Collected data:

□ □ □ □ □

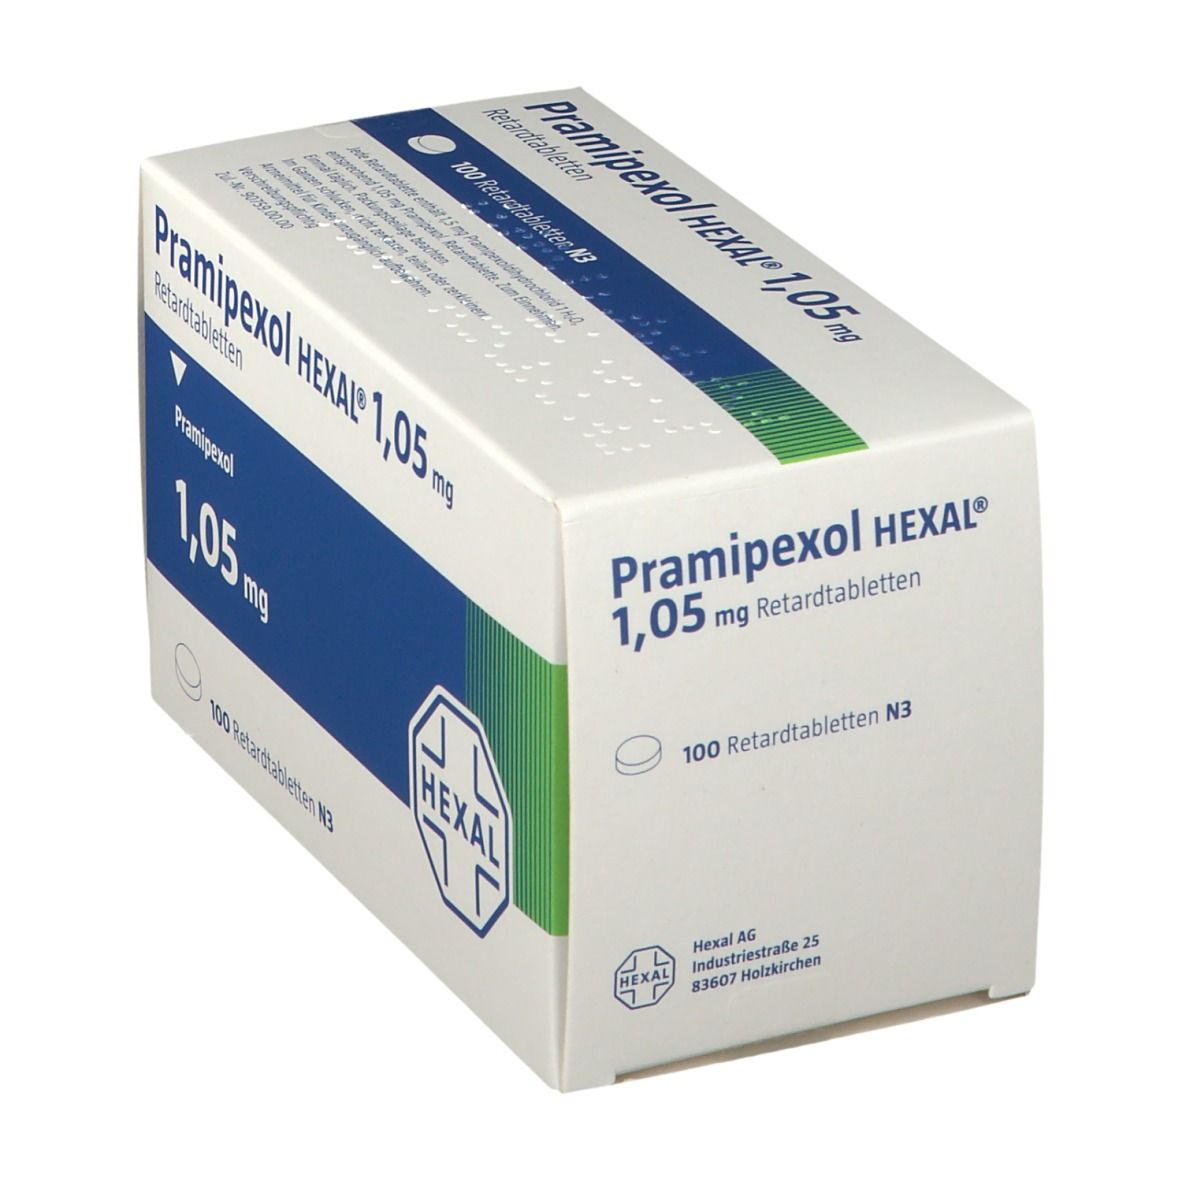 Pramipexol HEXAL® 1,05 mg
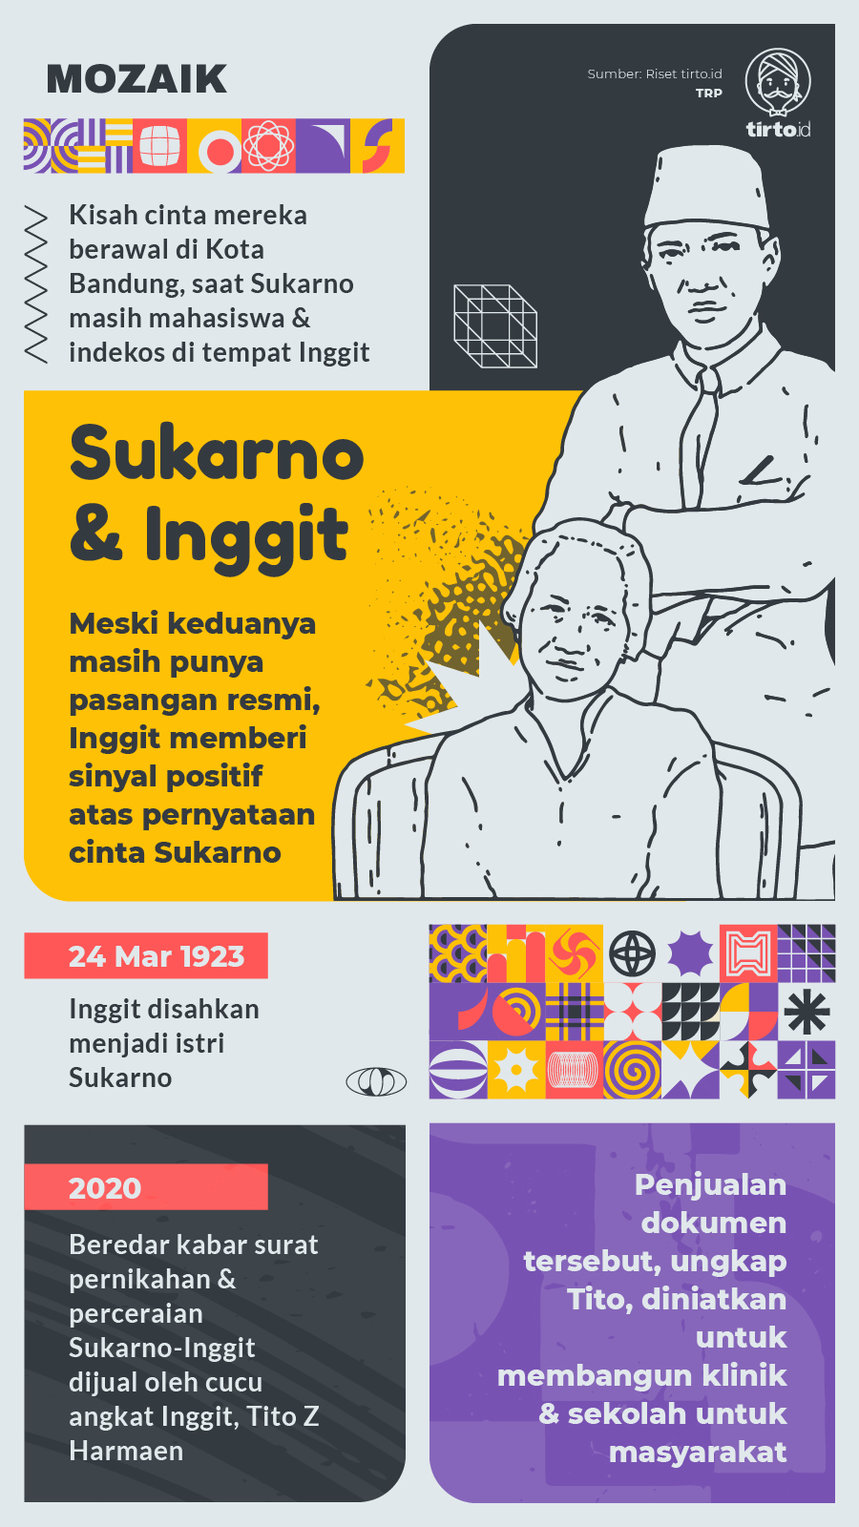 Infografik Mozaik Sukarno dan Inggit
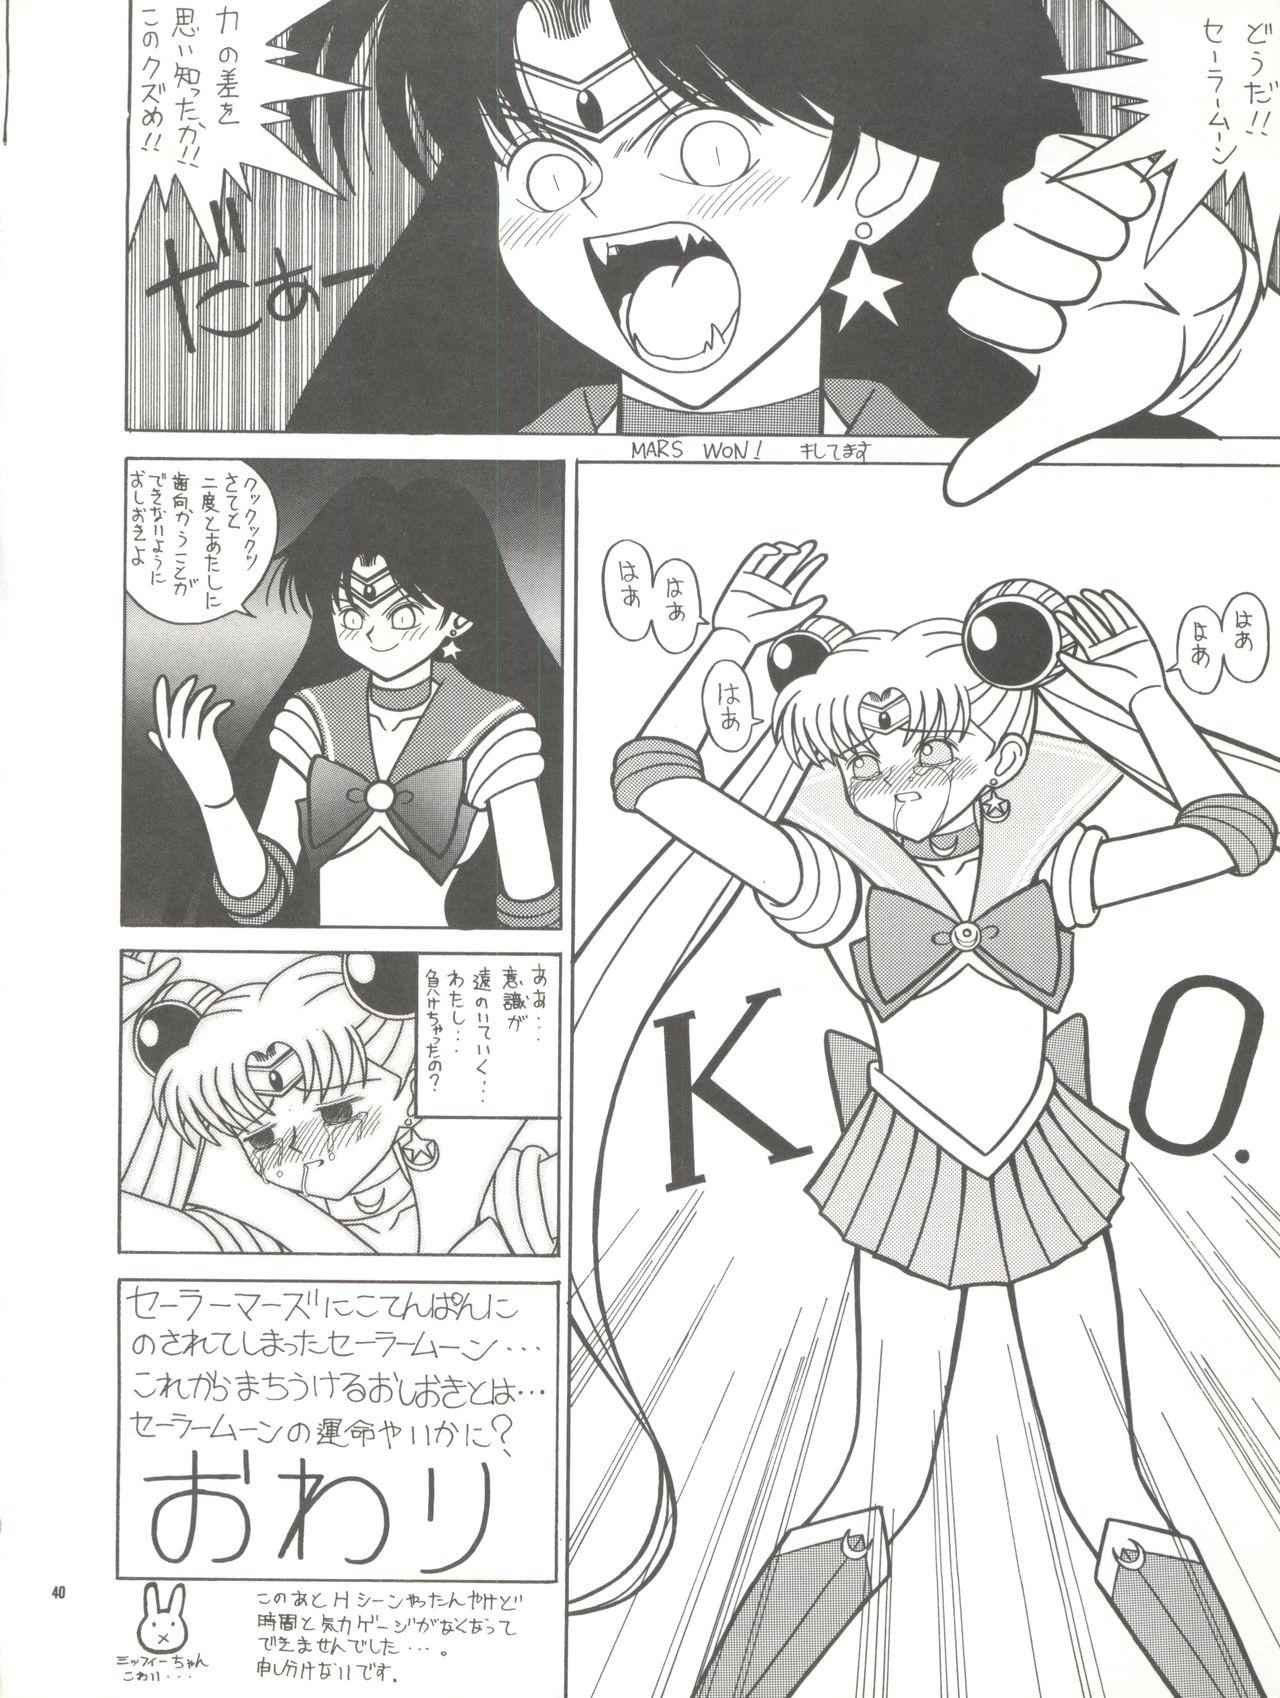 PUSSY CAT Vol. 26 Sailor Moon 3 39

□ □ □ □ □

Your goal: Each line of the listing above belongs in the answer exactly as written; the pictures do not.

Response:
 Pramipexol HEXAL® 1,05 mg
 Infografik Mozaik Sukarno dan Inggit
 PUSSY CAT Vol. 26 Sailor Moon 3 39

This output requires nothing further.